= Task =
From the line containing "CATIPHO15GRYMP-FBA | Catalyst" down to the line containing "The Finchie Clinic", copy out the entries below exactly, both lines included, and nothing else; pictures do not belong in the copy.
=== Data excerpts ===
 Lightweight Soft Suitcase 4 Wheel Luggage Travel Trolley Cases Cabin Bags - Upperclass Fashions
===
=== Data excerpts ===
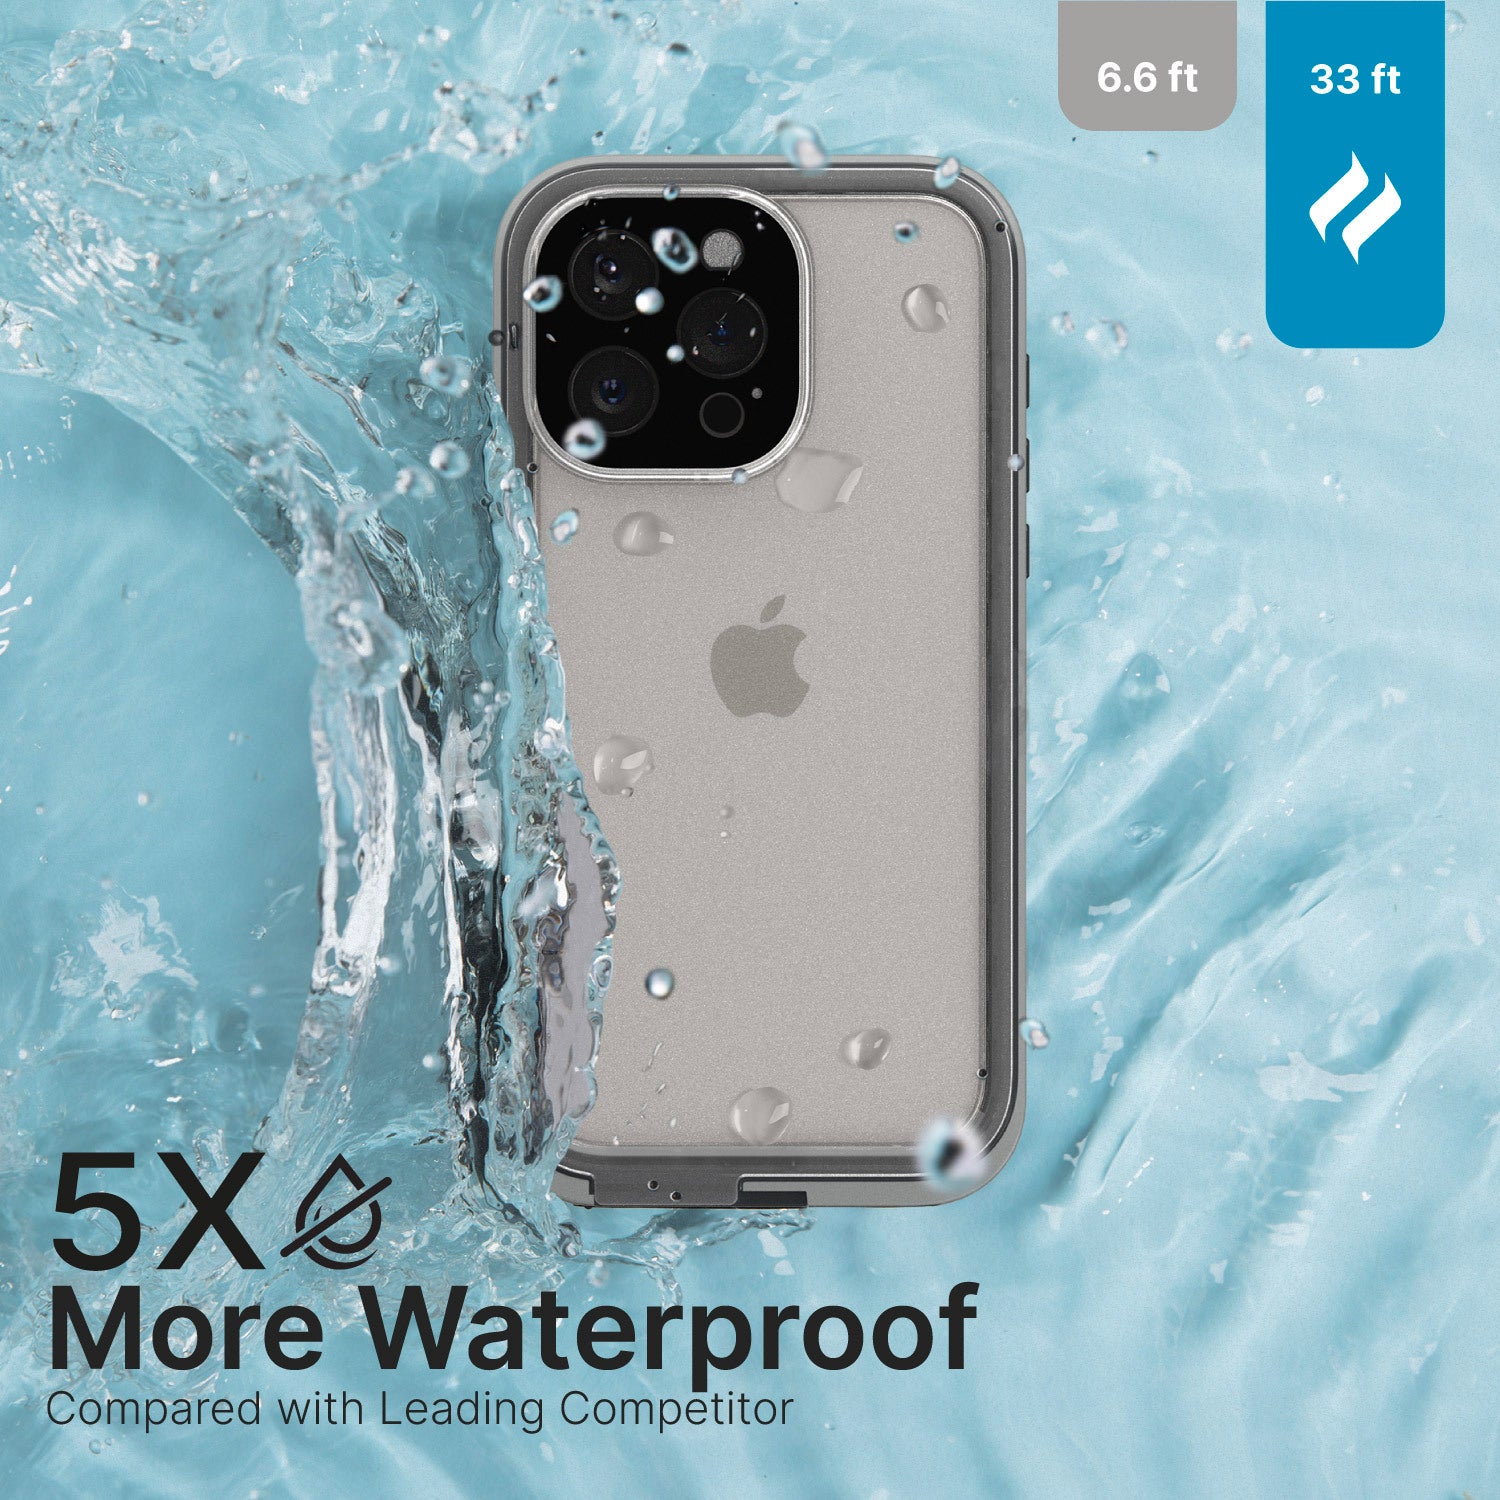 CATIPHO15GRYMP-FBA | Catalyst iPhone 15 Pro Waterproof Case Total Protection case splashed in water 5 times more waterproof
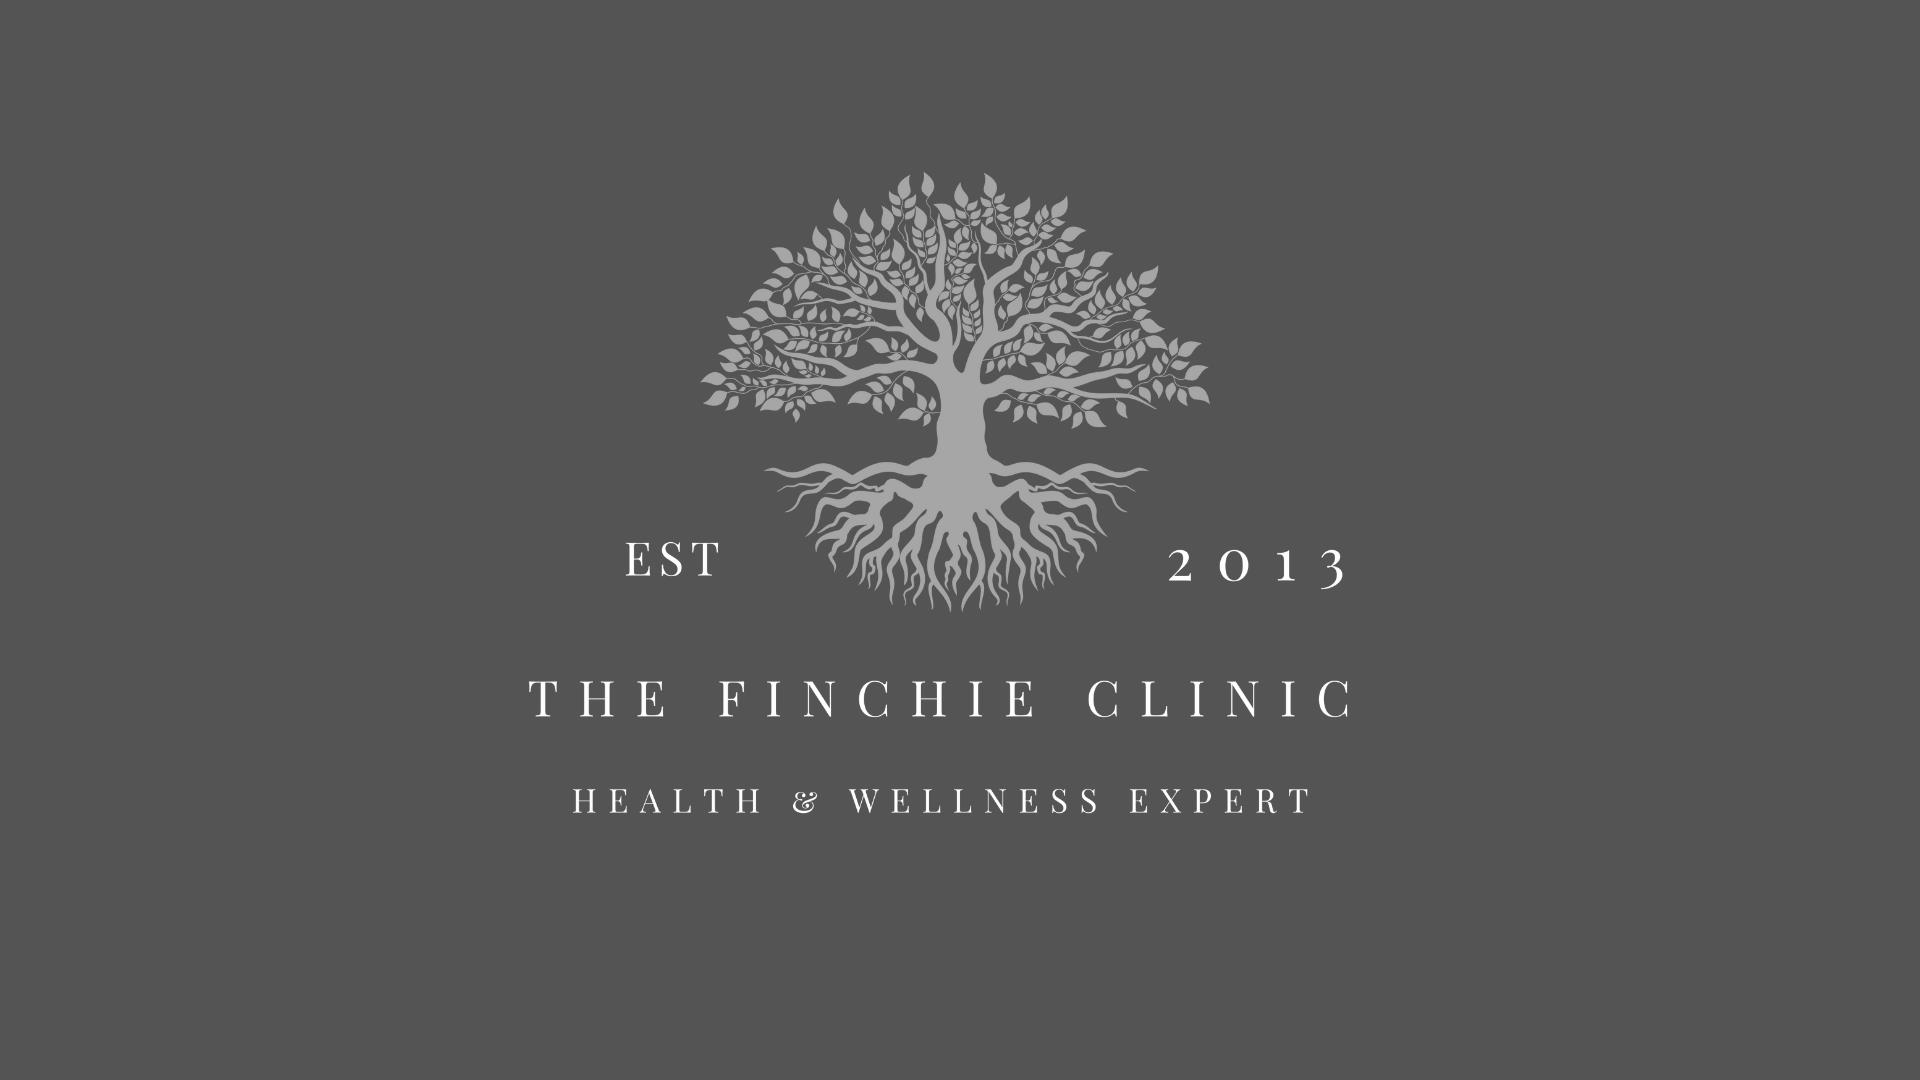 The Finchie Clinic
===
=== Data excerpts ===
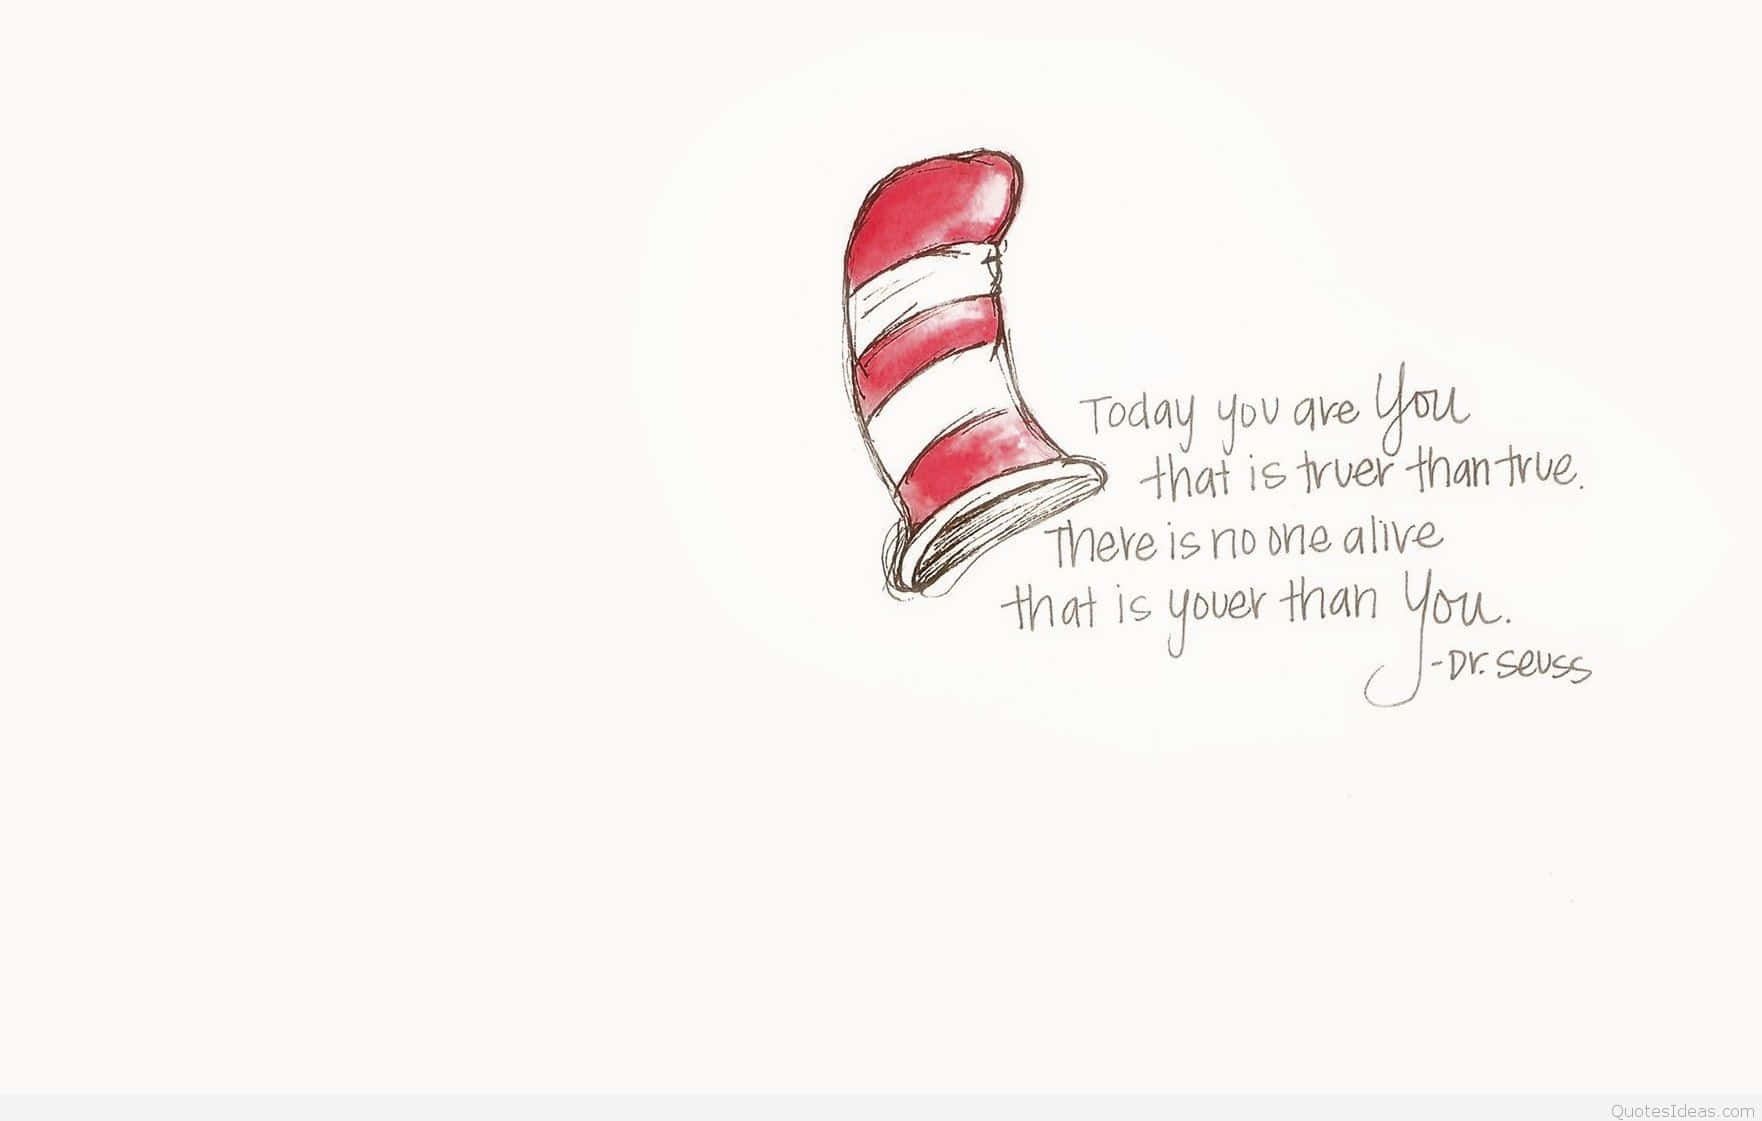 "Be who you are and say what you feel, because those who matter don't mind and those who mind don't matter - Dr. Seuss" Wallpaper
===
= Exercise solution =
 CATIPHO15GRYMP-FBA | Catalyst iPhone 15 Pro Waterproof Case Total Protection case splashed in water 5 times more waterproof
 The Finchie Clinic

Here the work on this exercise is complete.